Avoiding Hidden Sugar

Foods that are marketed to children are often high in sugar. Some added sugar sources are obvious, like sodas, candy, sweetened cereals, and fruit punch. Sugar can also be hidden in seemingly nutritious granola bars, flavored yogurts, "healthy" cereals, pasta sauces, ketchup, and even applesauce.

Learning to read food labels can help you spot added sugar in different products. Simple swaps like choosing unsweetened applesauce over sweetened products and picking fruit cups in juice or water rather than those packed in syrup can help cut out unnecessary sugar.

Check the ingredients list for terms like evaporated cane juice, corn syrup, dextrose, brown rice syrup, raw sugar, and crystal solids. All of these are other words for sugar. Getting kids into the habit of drinking water and plain milk, rather than juice and flavored milk, is another good way to keep sugar intake down.

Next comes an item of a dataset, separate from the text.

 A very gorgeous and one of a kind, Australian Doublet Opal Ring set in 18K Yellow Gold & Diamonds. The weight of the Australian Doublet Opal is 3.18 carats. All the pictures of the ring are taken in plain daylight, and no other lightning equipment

Ensuring Adequate Nutrition

Adults are advised to limit added sugar to less than 10% of their daily calorie needs (which is about 12 teaspoons or 48 grams). Because children eat less food in general, their equivalent limits would be more like 7 to 8 teaspoons or 30 to 35 g per day. Instead of filling up on empty calories from sugar, kids need enough space in their tummies for nutritious foods that are required for growth and development.

It's easy to overlook malnutrition in kids who aren't underweight. However, research shows that eating too much sugar can lead to nutrient deficiencies. Not only do sugary foods displace essential food groups, like protein, fruits, vegetables, dairy, and whole grains, they also deplete vitamins from the body during digestion, such as B-vitamins involved in glucose metabolism.

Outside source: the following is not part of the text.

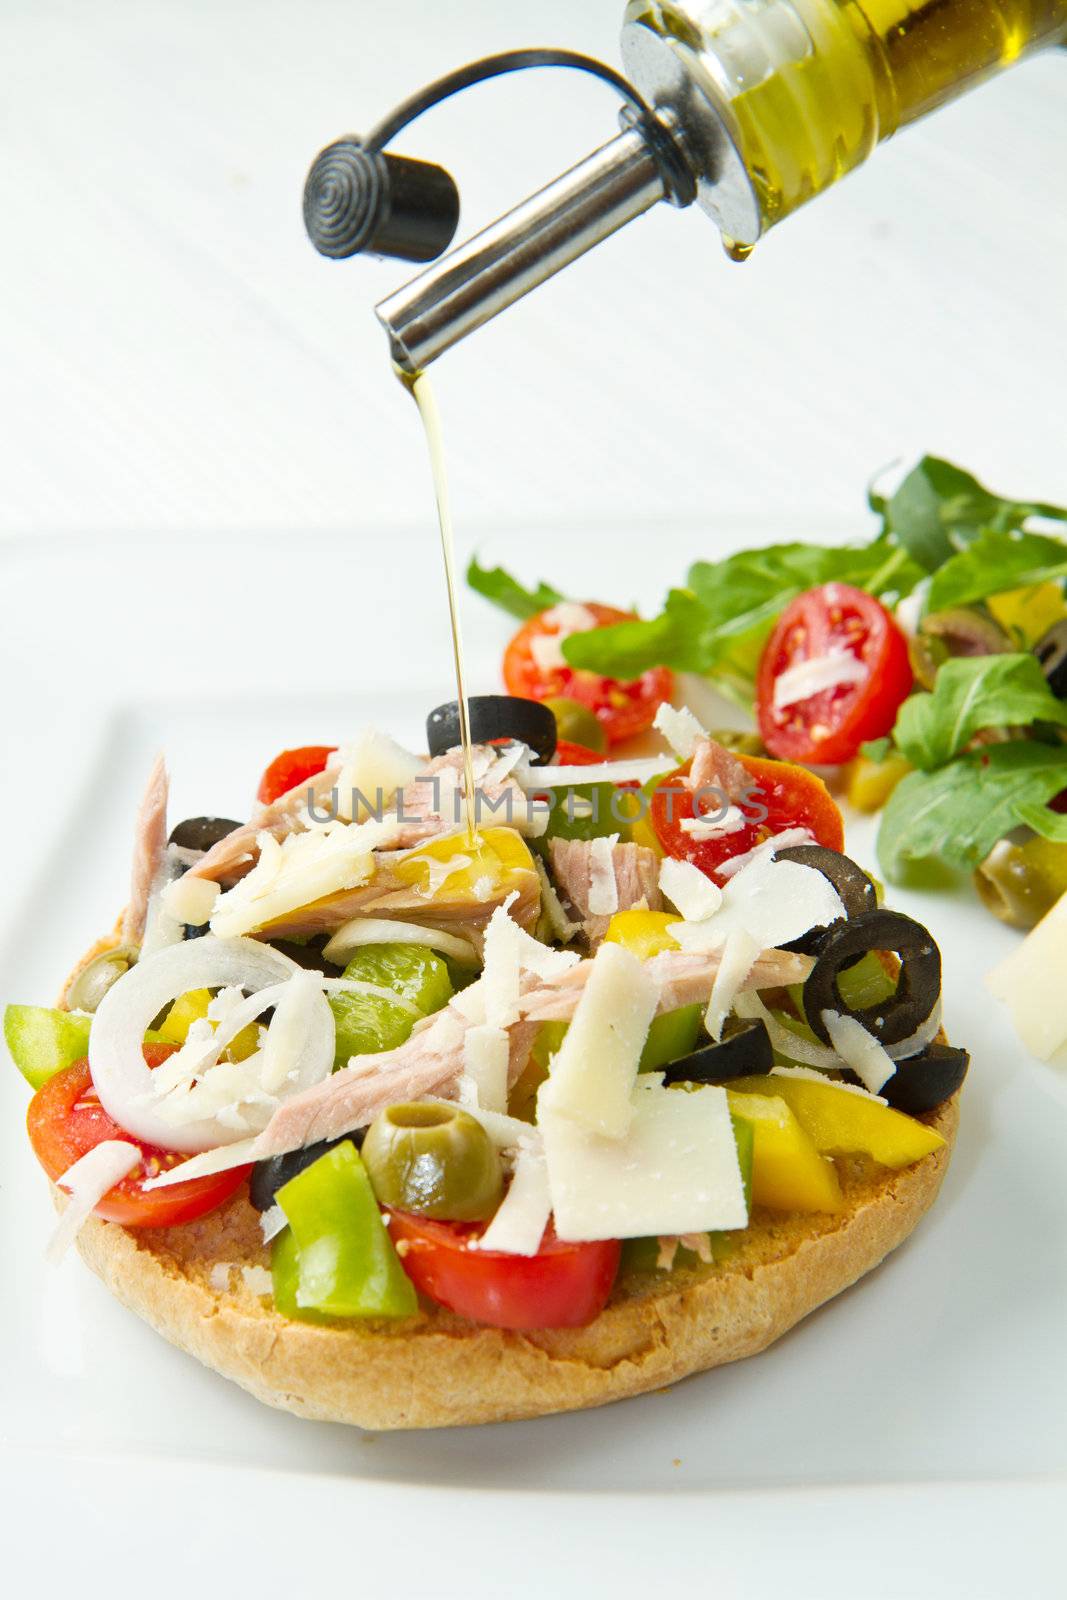 frisella with vegetables and tuna

Growing children need protein for muscle development, and healthy fats to support their brain and nervous system. A child who drinks soda or juice rather than plain milk is missing out on the calcium required for strong teeth and bones. Encouraging kids to develop a taste for natural, unsweetened foods sets them up for healthier eating habits and the prevention of chronic diseases in adulthood.

Pediatric Dental Care

Beyond the long-term prevention of diabetes and heart disease, avoiding added sugars can keep kids from having to undergo painful and expensive dental treatment. Tooth decay is exacerbated by the regular consumption of sugary foods and beverages. If untreated, dental problems can lead to more serious health concerns (even when they're just baby teeth).

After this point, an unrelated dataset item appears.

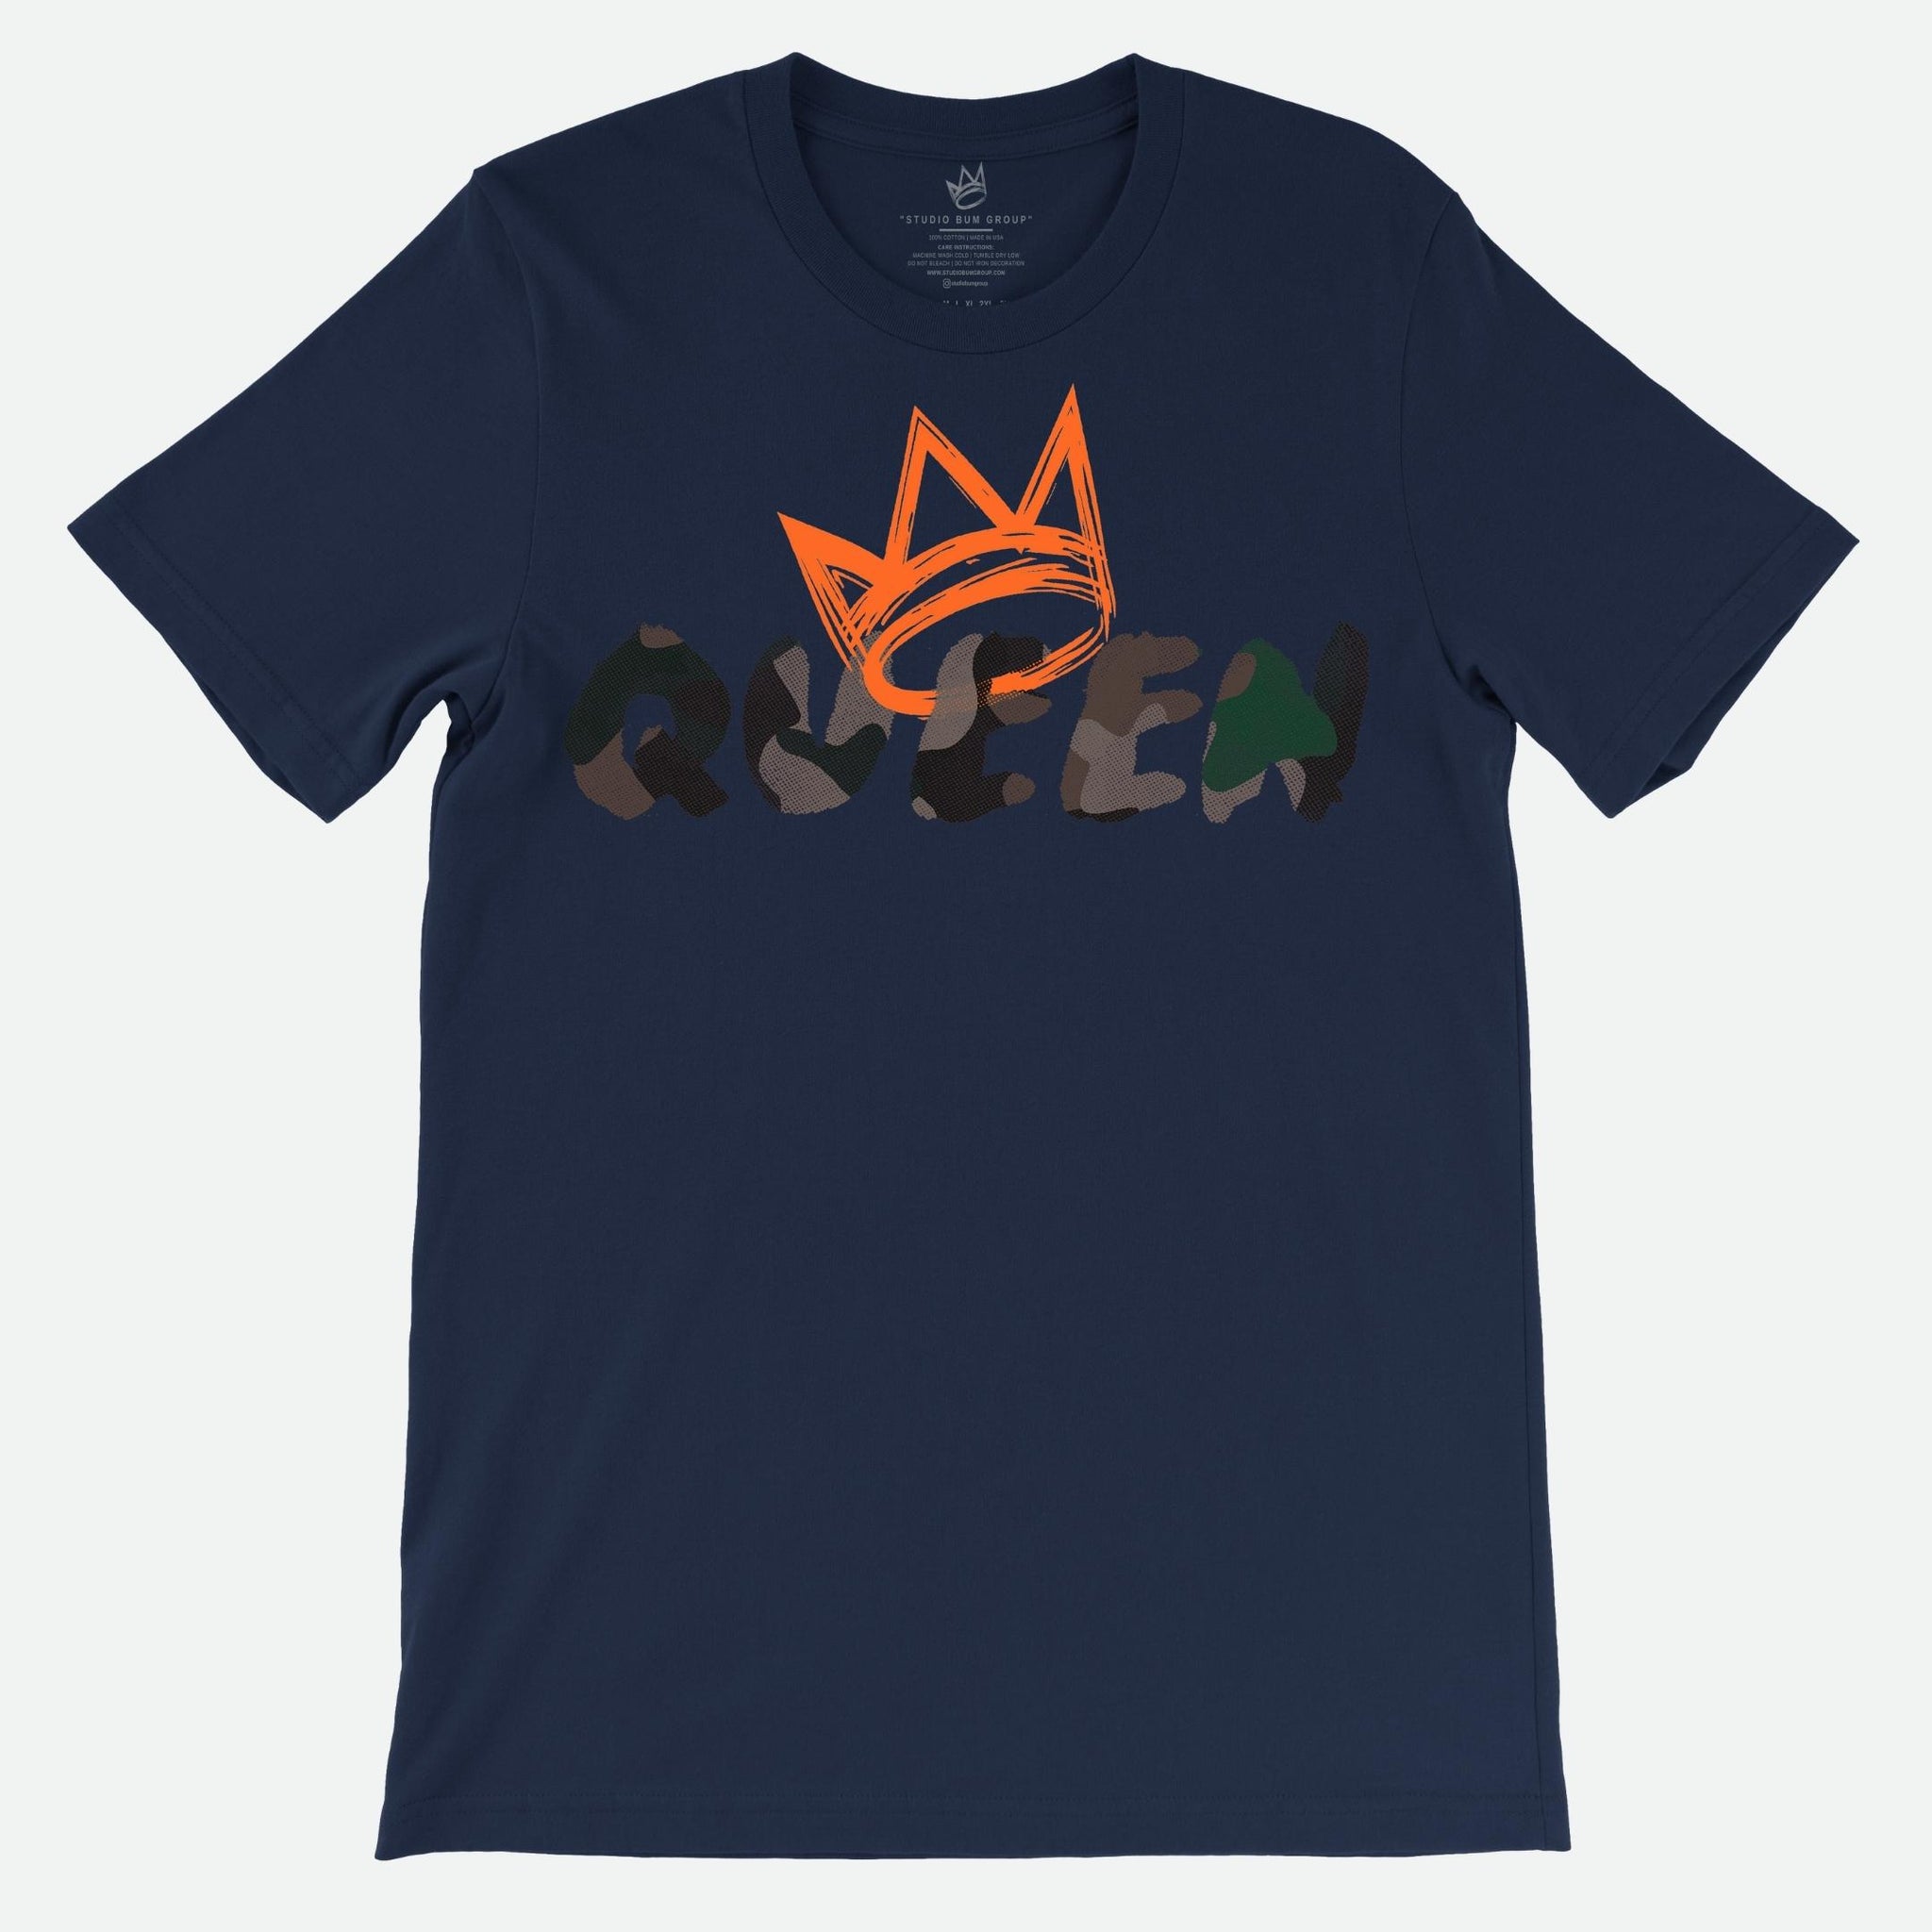 Queen T-Shirt Camouflage Print

Along with the avoidance of sugary snacks and drinks, teaching your kids to brush at a young age removes plaque-causing sugar and helps maintain strong, healthy teeth. Regular toothbrushing (without toothpaste to start) gets kids used to good dental habits.

Appetite Regulation in Kids

When placed in a healthy food environment, most kids regulate their consumption based on internal hunger signals. Instead of offering treats as a reward (or withholding them as punishment), caregivers should encourage children to pay attention to how their bodies feel. Eating slowly, stopping when full, and not calling foods "good" or "bad" are useful ways to develop a positive relationship with food.

The easiest way to make sure your child is eating right is to avoid keeping too many sugary snacks in the house. Kids should have choices about what to eat, but when all the options are healthy, you won't have to worry about power struggles related to food.

Overly restrictive parenting related to food can backfire and cause kids to rebel. Remember, it's OK for kids to indulge in treats once in a while as long as they are getting the nutrition they need from other foods throughout the day.